The Bug That Lost A Few Genes To Become The Black Death

About 6000 years ago, a bacterium underwent a few genetic changes. These allowed it to expand its habitat from the guts of mice to that of fleas. Such changes happen all the time, but in this particular instance the transformation eventually resulted in the Black Death that wiped out a third of Europe’s population in the 14th century.

Kausik Datta is a post-doctoral Fellow at Johns Hopkins Medicine. This article originally appeared on The Conversation.

Yersinia pestis (YP), which causes plague, evolved from an ancestral bacteria called Yersinia pseudotuberculosis (YPT). This happened somewhere in China, from where it spread westward causing disease in both animals and humans. In a new study, published in the journal Cell Host & Microbe, researchers at the National Institute of Allergy and Infectious Diseases have retraced the genetic changes that enabled this bug to become one of the most feared microbes.

Making the switch

Infections due to both YPT and YP are classified as “zoonoses”, transmissible from animals (mainly rodents) to other animals, including humans. YPT is transmitted by fecal contamination of food and water. In contrast, the more lethal YP is transmitted via bites of infected fleas.

Genetically, YP possesses a smaller subset of the genes present than its ancestor YPT. And yet, while YPT causes a relatively mild disease in various mammals, YP causes types of plague – a severe, inflammatory disease that may be fatal if left untreated.
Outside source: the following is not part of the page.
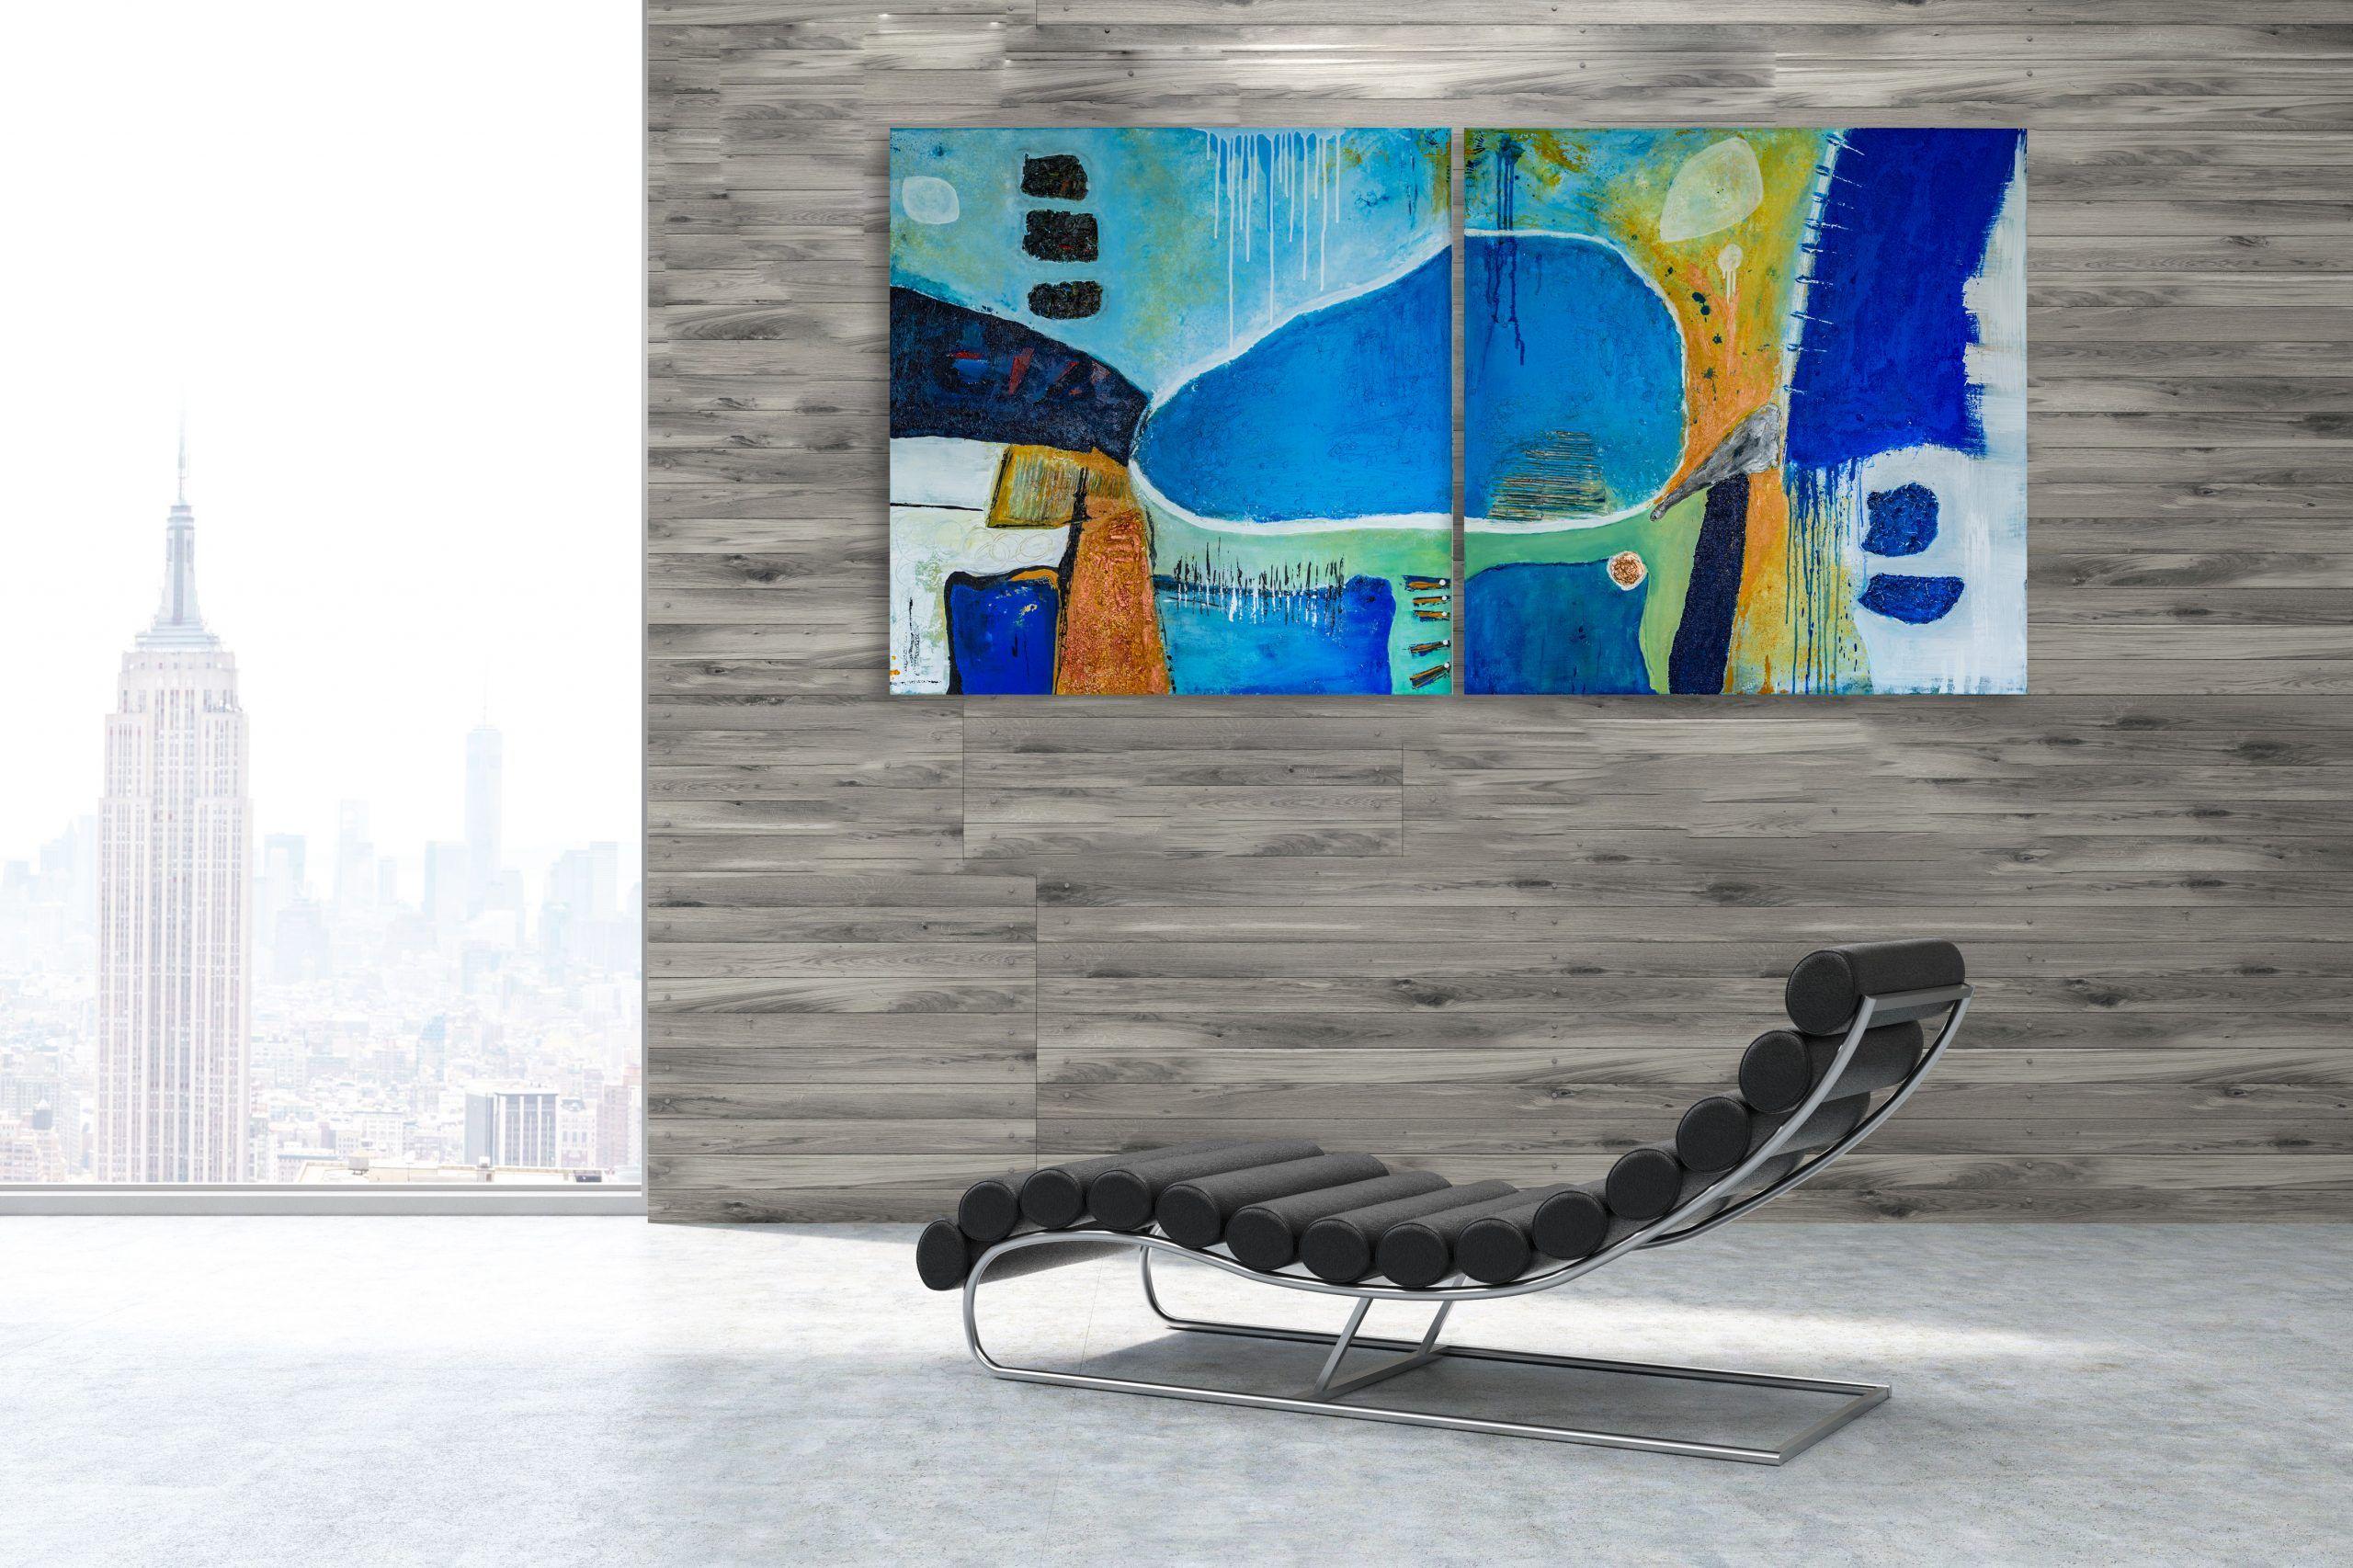 shopabstrakte malerei moderne abstrakte kunst online kaufen preishammer bis zu 70 rabatt w bilder gemälde modern art nationales museum für zeitgenössische

When a microbe evolves into a more potent agent of disease, the usual reason is the addition of genes (for example, genes that make a bug resistant to antibiotics). But, according to Yi-Cheng Sun and colleagues, the YPT-to-YP switch involved both addition and removal of genes, resulting in a net loss.

Sometimes, a microbe in a given environmental niche undergoes changes in its genetic make-up. These changes come in four types:

• neutral – has no effect
• deleterious – renders the surrounding environment inhospitable, causing it to die or move to a new niche
• allows adaptation – minor change to suit the new environment
• increase fitness – confers the ability to exploit the new niche to thrive

Adaptive genetic changes (such as numbers 3 and 4) may thus establish a new habitat for the organism, and may lead to the emergence of a new species. Ecologists call this process adaptive radiation. However, not all the key genetic mechanisms involved in this process are currently well-understood.

Nonetheless, adaptive radiation likely explains the changes YP underwent to become highly infectious. Sun and colleagues present convincing evidence that adaptive genetic changes in YP – involving the loss of three genes and gain of one – allowed it to thrive in the flea internal environment as compared to YPT.

YPT, ingested by a rodent, lives peacefully in its gut, until there are enough of its brethren or the host’s immunity falls. When that happens, YPT slips into the rodent’s bloodstream. Fleas, living on the rodent, happily suck in the bug-laden rodent blood. Inside the flea, a sticky protein that YPT makes allows it to set up home in the hindgut (lower digestive tract) without causing disease. It is then regularly shed through the flea’s feces.

Flea master

YP lacks the ability to make that sticky protein. This means that it cannot live in the hindgut like YPT. Interestingly, the only gene YP gained allows it to sit instead in the midgut and foregut of the flea, closer to the mouth.

YP is able to do this by covering the flea gut surfaces with a polymeric biofilm in which it remains embedded. YPT cannot do this because three genes suppress this ability. Incidentally, these are the three that YP lost, thereby gaining this function. The biofilm allows YP to remain in the flea (when YPT is removed with feces). This, along with the gut positioning, increases YP’s chances of transmission to a new host via flea-bite.

YP infection – via rodent hosts and flea transmission – continues to occur sporadically in some parts of the world, such as Africa, Western South America, the Western United States, and parts of Asia. But there is evidence that YP may be losing further genes, reducing its disease-causing potential. Besides, modern antibiotics can treat such plague-type infections.